Tutorial 2 - Generators, Properties and Calculators

Tutorial 2 - Generators, Properties and Calculators#

      _
    /|_|\   
   / / \ \  
  /_/   \_\  
  \ \   / /  
   \ \_/ /  
    \|_|/  

SOPRANO: a Python library for generation, manipulation and analysis of large batches of crystalline structures

Developed within the CCP-NC project. Copyright STFC 2022

# Basic imports
import os, sys
sys.path.insert(0, os.path.abspath('..')) # This to add the Soprano path to the PYTHONPATH
                                          # so we can load it without installing it
# Other useful imports

import numpy as np

from ase import Atoms
from ase import io as ase_io
from ase.visualize.plot import plot_atoms

1 - USING GENERATORS#

Soprano provides a series of generators able to create multiple structures on one go based on simple criteria. One of these, used here, is the linspaceGen, which interpolates linearly between two extreme structures. Others are the rattleGen (generating copies of a given structure with random atomic displacements) and the airssGen (binding to AIRSS’ buildcell executable to generate random structures, only available if AIRSS is installed).

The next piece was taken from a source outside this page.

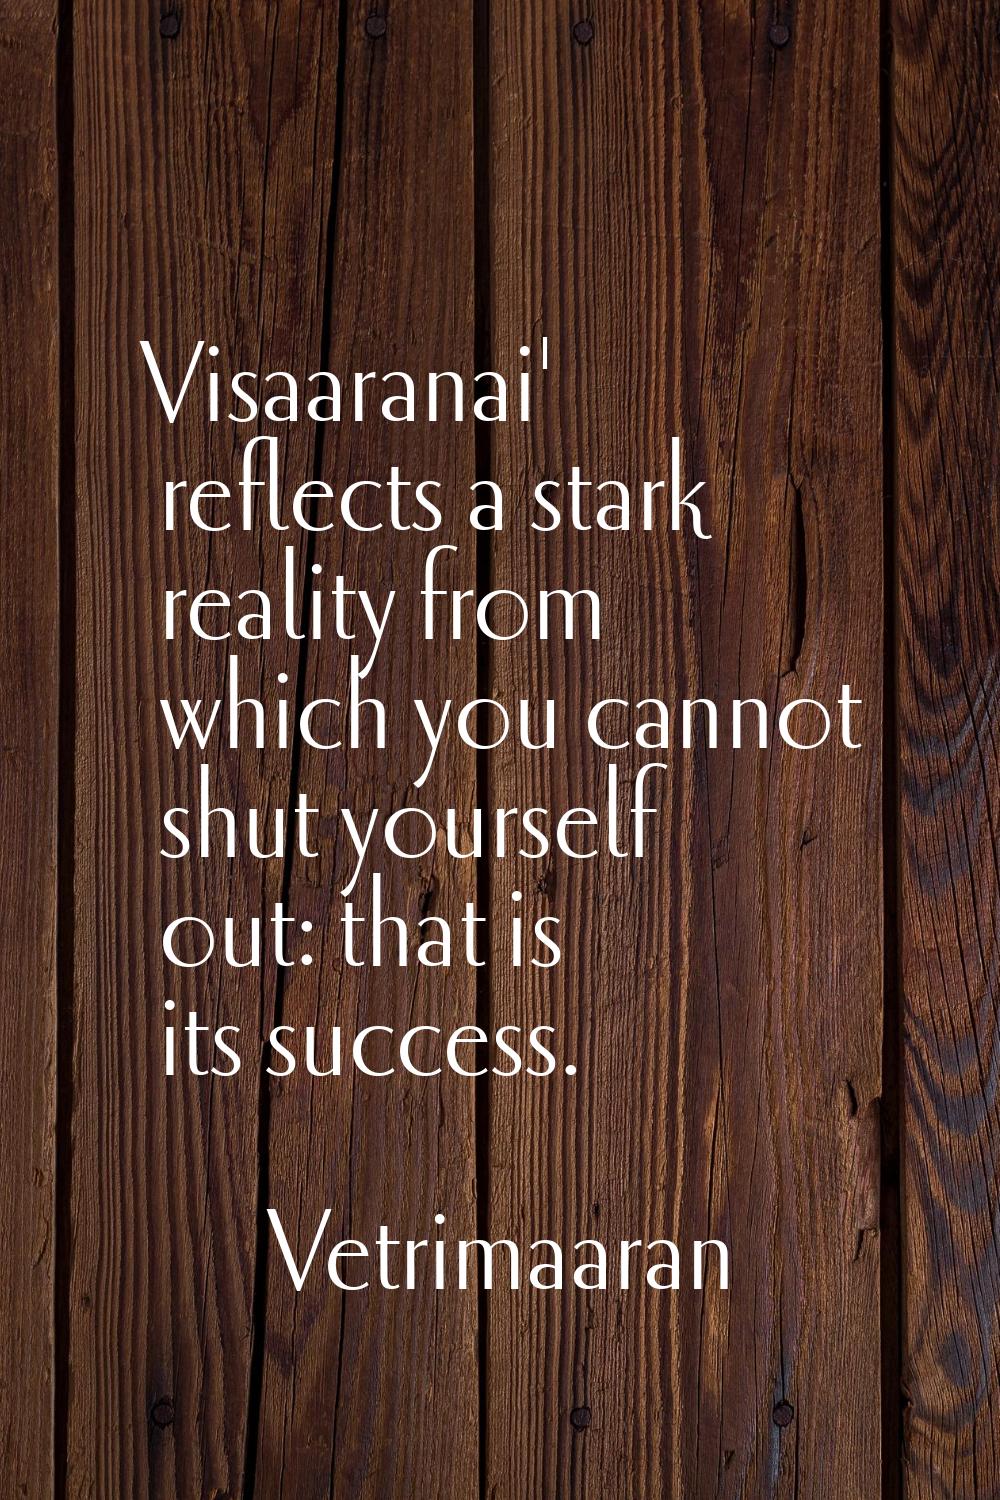 Visaaranai' reflects a stark reality from which you cannot shut yourself out: that is its success.

from soprano.collection import AtomsCollection
from soprano.collection.generate import linspaceGen


# Let's use the ammonia molecule switching configurations as an example
nh3coords = np.array([[ 2.5,     2.5,     2.5   ],
                      [ 3.4373,  2.5,     2.1193],
                      [ 2.0314,  3.3117,  2.1193],
                      [ 2.0314,  1.6883,  2.1193]])
nh3l = Atoms('NHHH', nh3coords, cell=[5,5,5]) # The cell is just an empty box
# Now the right version
nh3coords *= [1, 1, -1]
nh3r = Atoms('NHHH', nh3coords, cell=[5,5,5])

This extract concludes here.